Other Chronic Skin Illnesses
These are other common chronic skin disorders:
- Acne: Although this is not a life-threatening illness, acne is considered a chronic condition in some people. Depending on severity, acne can leave scars on the surface of the skin, and outbreaks can lead to skin infections.
Acne is also a symptom of other systemic or chronic illnesses like polycystic ovarian syndrome, congenital adrenal hyperplasia, and insulin resistance.
- Eczema: Also called atopic dermatitis, this is a skin disorder that typically begins in childhood, although it can appear later in life. Inflammation, redness, and irritation on the skin are common symptoms that may come and go.
Typically, this type of dermatitis is very itchy and uncomfortable, but scratching these areas can lead to further swelling and redness. It can also damage the skin, leading to cracks, scaling, “weeping” clear fluid, and crusting.
Currently, medical researchers do not know what causes eczema, but it appears to be related to genetics, environment, and the immune system.
- Epidermolysis bullosa: This is a group of rare skin diseases that cause fragile skin that frequently breaks, tears, and blisters. These symptoms typically begin just after birth and during infancy, may range from mild to severe, and have no known underlying cause. Treatment involves managing wounds, pain, and skin health.
It is believed that epidermolysis bullosa is genetic. It is a mutation in a gene inherited from either parent that changes how proteins hold skin together. In severe cases, blisters and tears also appear inside the body.
- Hidradenitis suppurativa: Sometimes called acne inversa, this is a chronic skin inflammatory disorder that causes pimple, bumps, or boils on the skin, as well as tunnels or tracts underneath the skin. Hard bumps just under the surface of the skin, or pus-filled bumps erupting onto the skin, can become painful lesions with drainage or seepage.
Hidradenitis suppurativa starts in hair follicles, but it can progress to other parts of the skin. The exact cause of the disorder is not known, but medical researchers believe it is due to a combination of hormones, environment, and genetics.
- Ichthyosis: This skin disorder is associated with a genetic mutation, although some types of ichthyosis are idiopathic or caused by some prescription medications. The main symptom of this condition is dry, itchy, scaly, rough, and reddened skin.
More severe forms of this disorder can affect the internal organs. People with this genetic disorder typically need treatment throughout their lives.

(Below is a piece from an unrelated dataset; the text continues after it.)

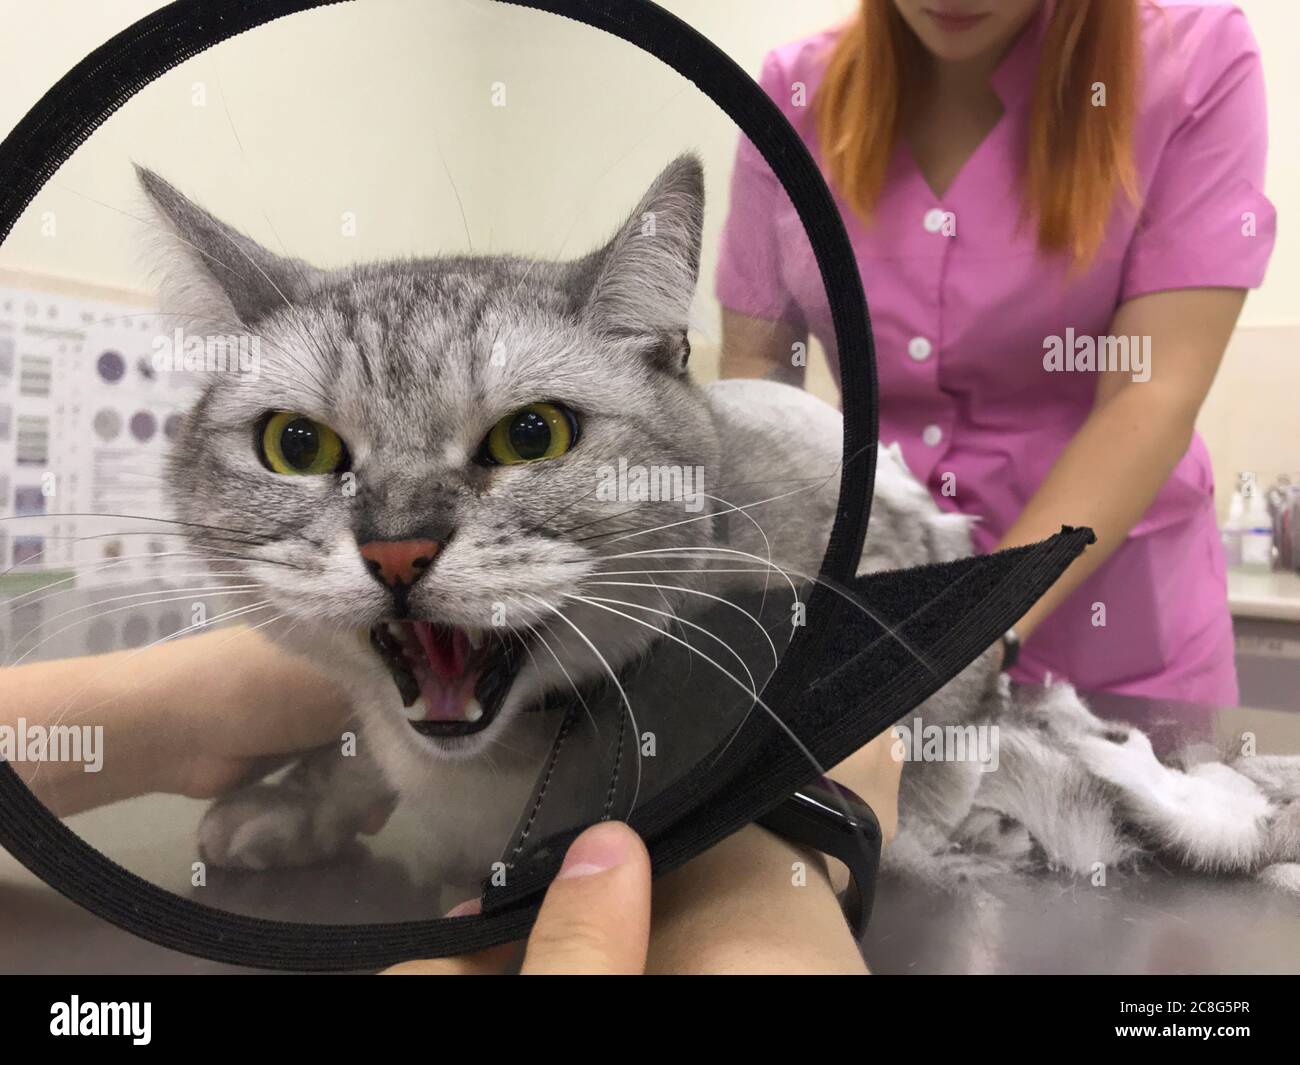 31,951 Angry Cat Vectors Images, Stock Photos, 3D objects
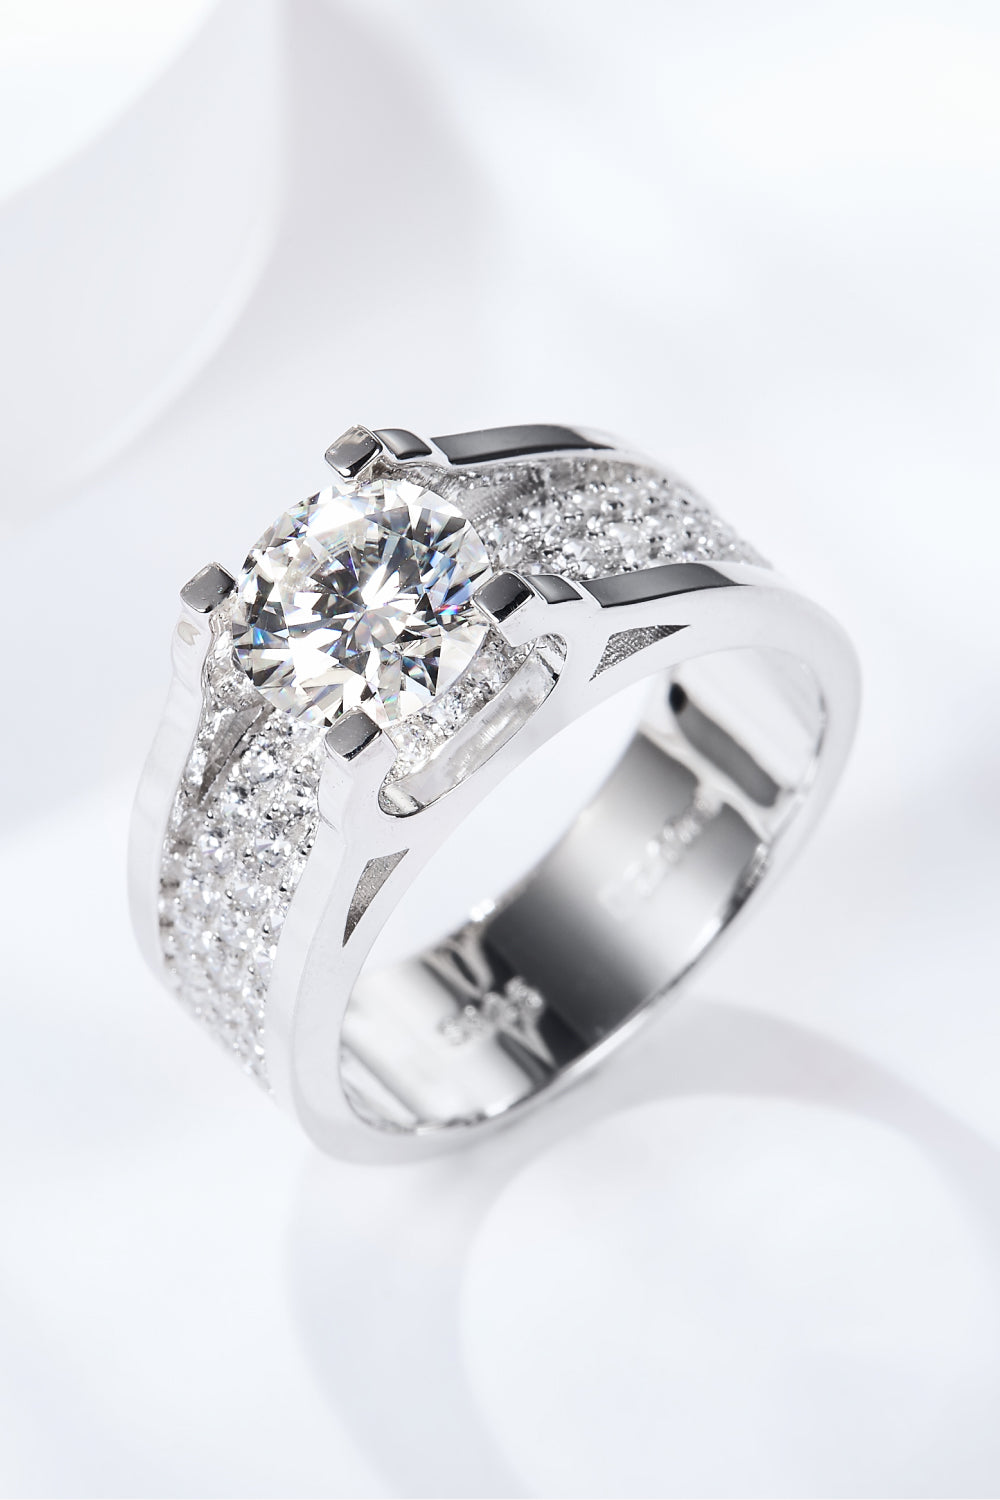 Made To Shine 1 Carat Moissanite Ring - Tophatter Deals

- Moles and melanoma: Moles are common skin patches that most people have, but changes to moles or the appearance of new moles can indicate melanoma, or skin cancer. Moles that change shape, get bigger, develop ragged edges, become darker, have uneven colors, or become dry, cracked, or even bleed should be checked by a dermatologist.
- Rosacea: Sometimes also called acne rosacea, this chronic disease causes pimples and reddened skin, most often on the face. Sometimes, the condition causes eye damage. In advanced stages, skin begins to thicken.
Treatments for rosacea focus on reducing outbreaks and soothing the skin, but there is no cure.
- Seborrheic dermatitis: While this condition is most common on infants, called cradle cap, it can appear in adults too. Scaly, greasy patches appear on the scalp or other parts of the skin. In babies, these will go away on their own, but in adults, these reddish, swollen, crusty areas may be chronic.
Changes to Your Skin Can Indicate Changes in Your Overall Health
If you notice any painful, distressing, or unsightly changes to your skin, set up an appointment with a dermatologist. While you can gather useful information to help you understand underlying chronic illnesses or chronic skin disorders and how they impact your health, it’s important to get an appropriate diagnosis and treatment plan from medical professionals.
Early intervention and appropriate treatment can help many skin problems to lessen or clear up. Do not ignore warning signs. Ask a dermatologist for help.